GIVEN MATERIAL below:
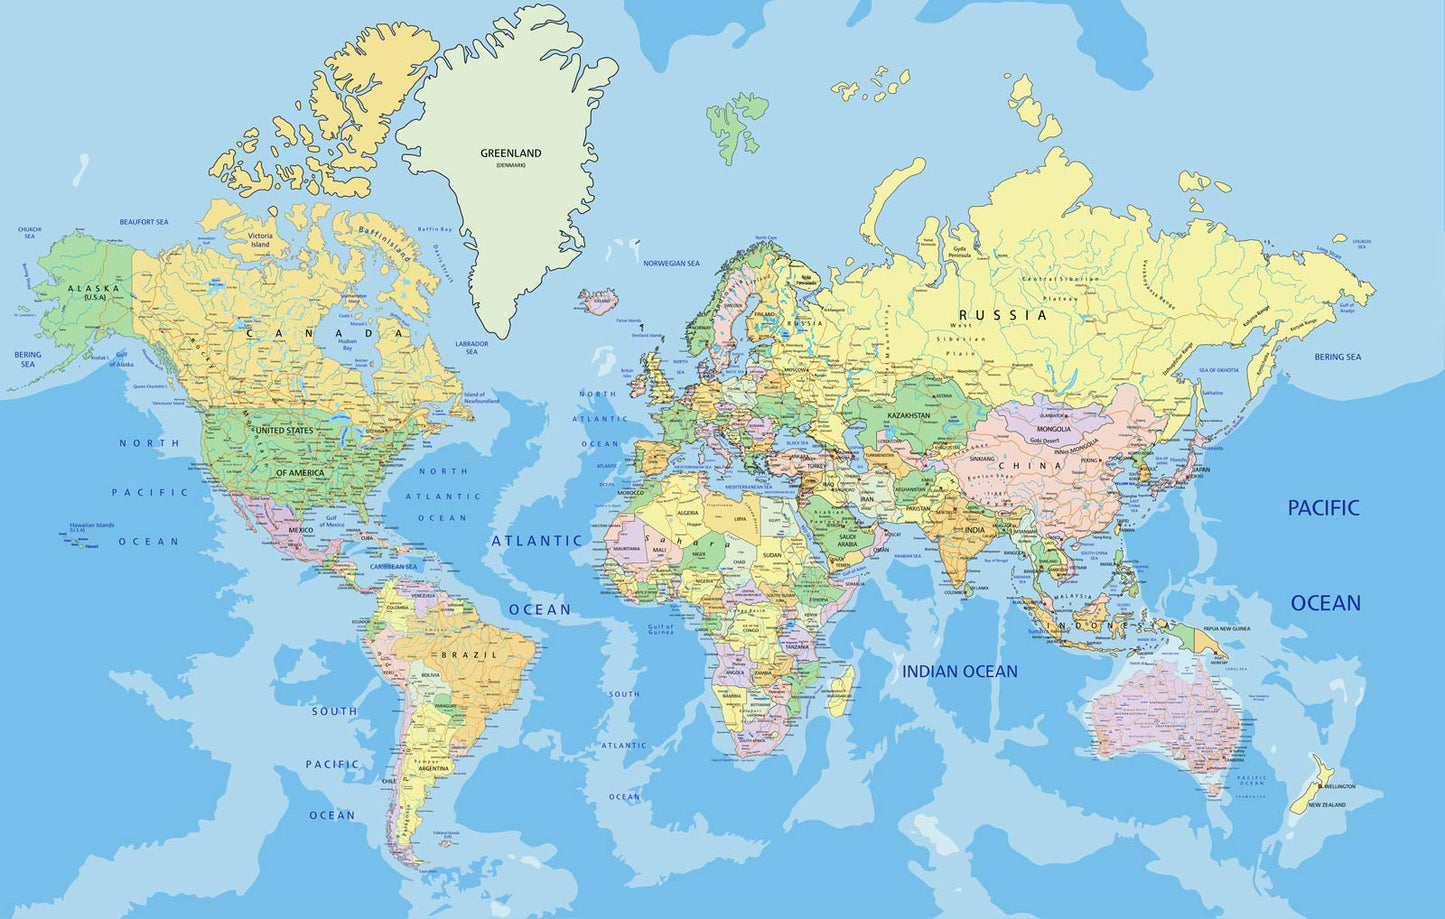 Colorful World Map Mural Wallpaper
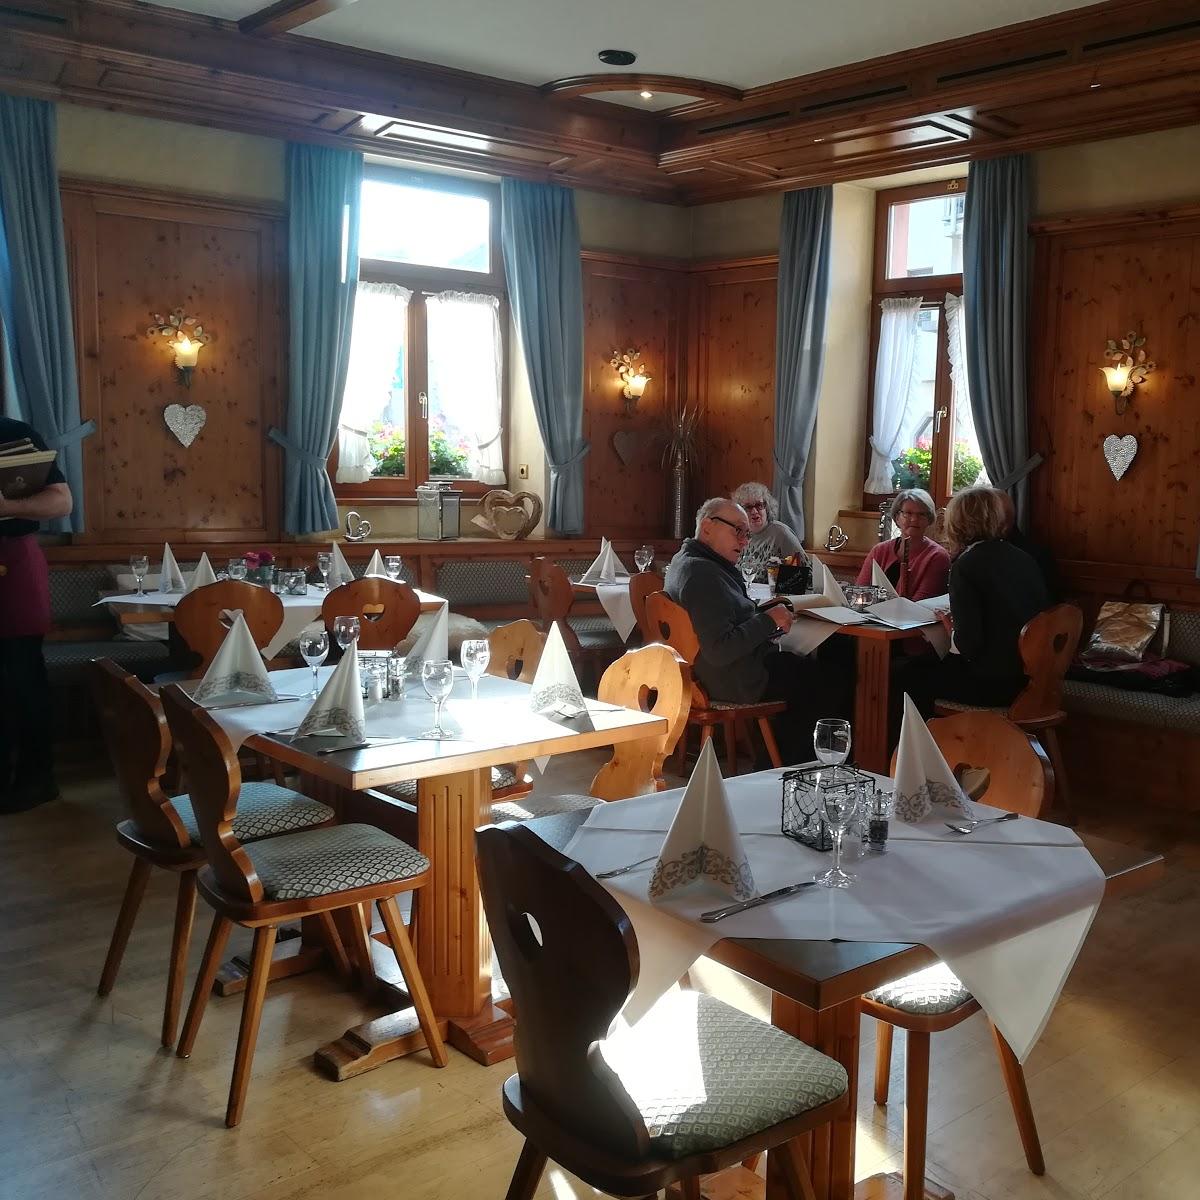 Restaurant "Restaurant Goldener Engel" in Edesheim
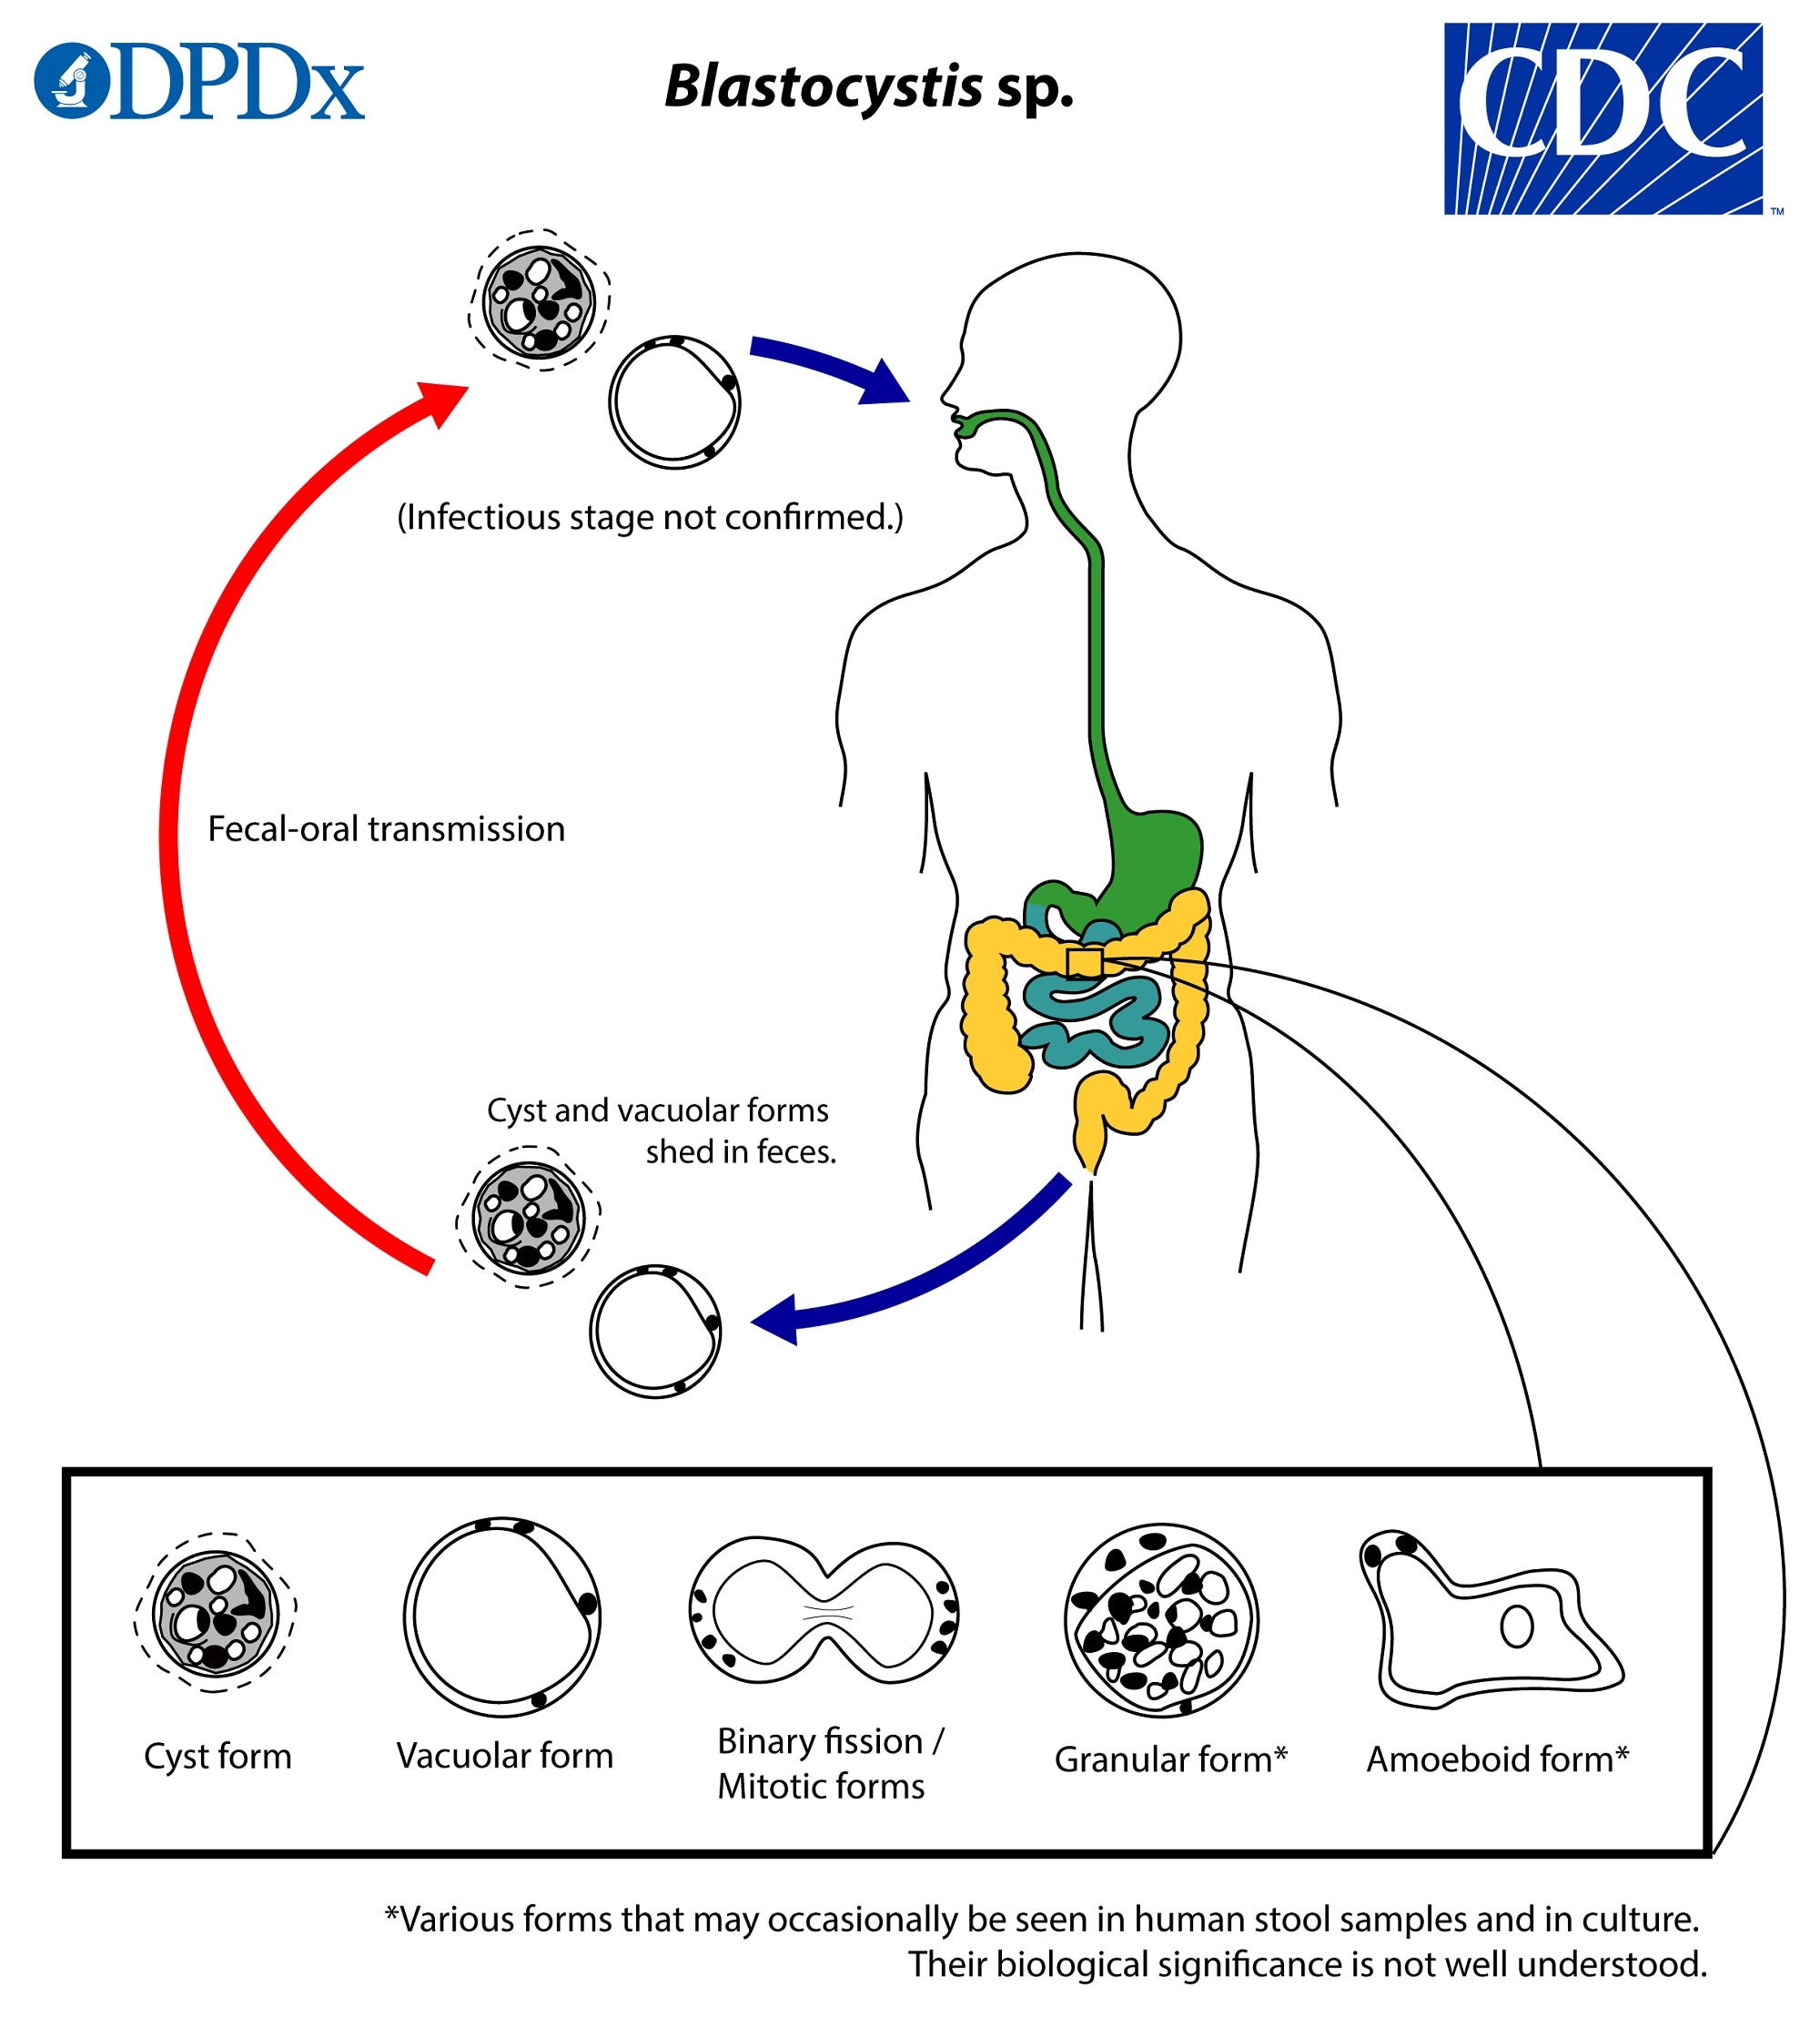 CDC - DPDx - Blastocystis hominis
End of GIVEN MATERIAL.
▶ **WORK REQUIRED**:
Return the data exactly. Do not carry over any images.

▶ **RESPONSE**:
 Colorful World Map Mural Wallpaper
 Restaurant "Restaurant Goldener Engel" in Edesheim
 CDC - DPDx - Blastocystis hominis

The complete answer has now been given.